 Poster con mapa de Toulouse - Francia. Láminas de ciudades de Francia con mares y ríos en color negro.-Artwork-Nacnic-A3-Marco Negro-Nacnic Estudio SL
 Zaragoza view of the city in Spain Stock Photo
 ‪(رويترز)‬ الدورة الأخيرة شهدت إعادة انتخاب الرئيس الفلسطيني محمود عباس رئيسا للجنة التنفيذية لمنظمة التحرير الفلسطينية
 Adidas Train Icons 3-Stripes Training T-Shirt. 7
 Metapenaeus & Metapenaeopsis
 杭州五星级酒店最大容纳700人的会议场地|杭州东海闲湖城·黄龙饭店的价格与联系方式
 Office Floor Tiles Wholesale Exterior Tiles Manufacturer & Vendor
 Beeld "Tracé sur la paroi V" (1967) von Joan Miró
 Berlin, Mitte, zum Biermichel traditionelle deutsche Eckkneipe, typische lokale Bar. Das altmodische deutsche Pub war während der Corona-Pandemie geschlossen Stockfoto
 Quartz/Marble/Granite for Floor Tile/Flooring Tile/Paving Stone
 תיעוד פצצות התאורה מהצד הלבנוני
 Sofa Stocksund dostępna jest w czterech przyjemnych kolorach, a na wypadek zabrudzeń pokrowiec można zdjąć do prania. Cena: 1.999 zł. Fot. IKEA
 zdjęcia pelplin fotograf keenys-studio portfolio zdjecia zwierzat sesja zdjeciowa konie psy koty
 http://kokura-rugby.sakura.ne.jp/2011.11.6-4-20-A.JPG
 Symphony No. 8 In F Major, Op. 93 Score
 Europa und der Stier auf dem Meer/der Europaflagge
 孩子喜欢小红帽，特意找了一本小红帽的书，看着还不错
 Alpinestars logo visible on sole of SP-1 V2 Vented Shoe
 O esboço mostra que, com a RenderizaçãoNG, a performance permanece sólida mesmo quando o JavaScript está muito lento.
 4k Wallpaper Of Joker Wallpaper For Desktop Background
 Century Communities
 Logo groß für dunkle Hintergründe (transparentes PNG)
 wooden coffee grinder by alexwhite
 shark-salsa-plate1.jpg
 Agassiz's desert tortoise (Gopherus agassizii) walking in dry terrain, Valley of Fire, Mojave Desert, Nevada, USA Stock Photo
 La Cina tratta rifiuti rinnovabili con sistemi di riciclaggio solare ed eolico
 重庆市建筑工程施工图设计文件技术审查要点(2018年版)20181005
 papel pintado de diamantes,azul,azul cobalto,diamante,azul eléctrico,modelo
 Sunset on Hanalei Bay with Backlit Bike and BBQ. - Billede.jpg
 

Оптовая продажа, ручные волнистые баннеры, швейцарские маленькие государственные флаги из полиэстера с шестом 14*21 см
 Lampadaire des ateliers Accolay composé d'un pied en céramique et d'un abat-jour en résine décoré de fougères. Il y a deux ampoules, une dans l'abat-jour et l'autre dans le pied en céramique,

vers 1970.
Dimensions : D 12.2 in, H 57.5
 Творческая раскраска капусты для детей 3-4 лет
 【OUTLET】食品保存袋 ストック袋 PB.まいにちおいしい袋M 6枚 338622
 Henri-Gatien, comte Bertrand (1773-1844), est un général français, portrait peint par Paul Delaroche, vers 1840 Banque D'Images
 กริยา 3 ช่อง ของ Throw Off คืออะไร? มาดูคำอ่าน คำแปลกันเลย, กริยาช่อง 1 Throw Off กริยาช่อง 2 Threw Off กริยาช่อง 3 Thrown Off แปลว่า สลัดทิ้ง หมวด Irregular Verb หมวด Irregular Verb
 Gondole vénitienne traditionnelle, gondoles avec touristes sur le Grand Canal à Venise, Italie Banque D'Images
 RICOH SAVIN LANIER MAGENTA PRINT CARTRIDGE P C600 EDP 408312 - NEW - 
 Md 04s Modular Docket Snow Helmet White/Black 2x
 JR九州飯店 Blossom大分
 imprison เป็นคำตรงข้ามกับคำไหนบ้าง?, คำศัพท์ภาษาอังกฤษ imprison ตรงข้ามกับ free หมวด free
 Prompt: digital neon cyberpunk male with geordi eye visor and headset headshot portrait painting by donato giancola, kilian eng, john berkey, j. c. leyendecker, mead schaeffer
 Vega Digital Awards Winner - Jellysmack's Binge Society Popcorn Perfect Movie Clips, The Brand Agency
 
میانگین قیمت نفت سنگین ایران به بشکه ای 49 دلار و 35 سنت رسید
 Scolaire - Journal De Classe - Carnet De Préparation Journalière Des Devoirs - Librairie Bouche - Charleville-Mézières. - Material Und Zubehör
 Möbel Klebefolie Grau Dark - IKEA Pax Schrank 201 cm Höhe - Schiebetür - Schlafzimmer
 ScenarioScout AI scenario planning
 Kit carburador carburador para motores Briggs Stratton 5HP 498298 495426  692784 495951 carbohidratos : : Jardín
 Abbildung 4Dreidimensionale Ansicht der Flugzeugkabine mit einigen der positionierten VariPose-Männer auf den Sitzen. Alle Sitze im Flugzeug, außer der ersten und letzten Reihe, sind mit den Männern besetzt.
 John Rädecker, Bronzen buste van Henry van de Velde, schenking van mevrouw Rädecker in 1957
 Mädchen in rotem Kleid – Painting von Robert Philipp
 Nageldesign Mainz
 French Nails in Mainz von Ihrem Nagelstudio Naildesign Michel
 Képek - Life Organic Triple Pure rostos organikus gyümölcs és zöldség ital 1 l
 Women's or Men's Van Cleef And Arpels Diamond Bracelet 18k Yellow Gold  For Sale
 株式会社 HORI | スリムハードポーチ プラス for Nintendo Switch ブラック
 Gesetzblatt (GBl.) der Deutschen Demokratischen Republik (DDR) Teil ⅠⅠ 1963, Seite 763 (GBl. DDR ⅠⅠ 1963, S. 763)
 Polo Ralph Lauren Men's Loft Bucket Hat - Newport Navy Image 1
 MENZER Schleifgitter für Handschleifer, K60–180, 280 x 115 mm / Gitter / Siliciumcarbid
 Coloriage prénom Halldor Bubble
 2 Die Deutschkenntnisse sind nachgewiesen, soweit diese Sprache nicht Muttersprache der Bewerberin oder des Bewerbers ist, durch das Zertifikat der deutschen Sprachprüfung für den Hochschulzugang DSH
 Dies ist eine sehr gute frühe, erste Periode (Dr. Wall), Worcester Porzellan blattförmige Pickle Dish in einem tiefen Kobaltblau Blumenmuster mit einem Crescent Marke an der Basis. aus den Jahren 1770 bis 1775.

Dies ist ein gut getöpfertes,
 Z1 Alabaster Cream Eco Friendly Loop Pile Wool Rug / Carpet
::::
Work request:
Start with the first line. Please copy exactly each line of the listing through the one with "תיעוד פצצות התאורה מהצד הלבנוני", including it.

Expected answer:
 Poster con mapa de Toulouse - Francia. Láminas de ciudades de Francia con mares y ríos en color negro.-Artwork-Nacnic-A3-Marco Negro-Nacnic Estudio SL
 Zaragoza view of the city in Spain Stock Photo
 ‪(رويترز)‬ الدورة الأخيرة شهدت إعادة انتخاب الرئيس الفلسطيني محمود عباس رئيسا للجنة التنفيذية لمنظمة التحرير الفلسطينية
 Adidas Train Icons 3-Stripes Training T-Shirt. 7
 Metapenaeus & Metapenaeopsis
 杭州五星级酒店最大容纳700人的会议场地|杭州东海闲湖城·黄龙饭店的价格与联系方式
 Office Floor Tiles Wholesale Exterior Tiles Manufacturer & Vendor
 Beeld "Tracé sur la paroi V" (1967) von Joan Miró
 Berlin, Mitte, zum Biermichel traditionelle deutsche Eckkneipe, typische lokale Bar. Das altmodische deutsche Pub war während der Corona-Pandemie geschlossen Stockfoto
 Quartz/Marble/Granite for Floor Tile/Flooring Tile/Paving Stone
 תיעוד פצצות התאורה מהצד הלבנוני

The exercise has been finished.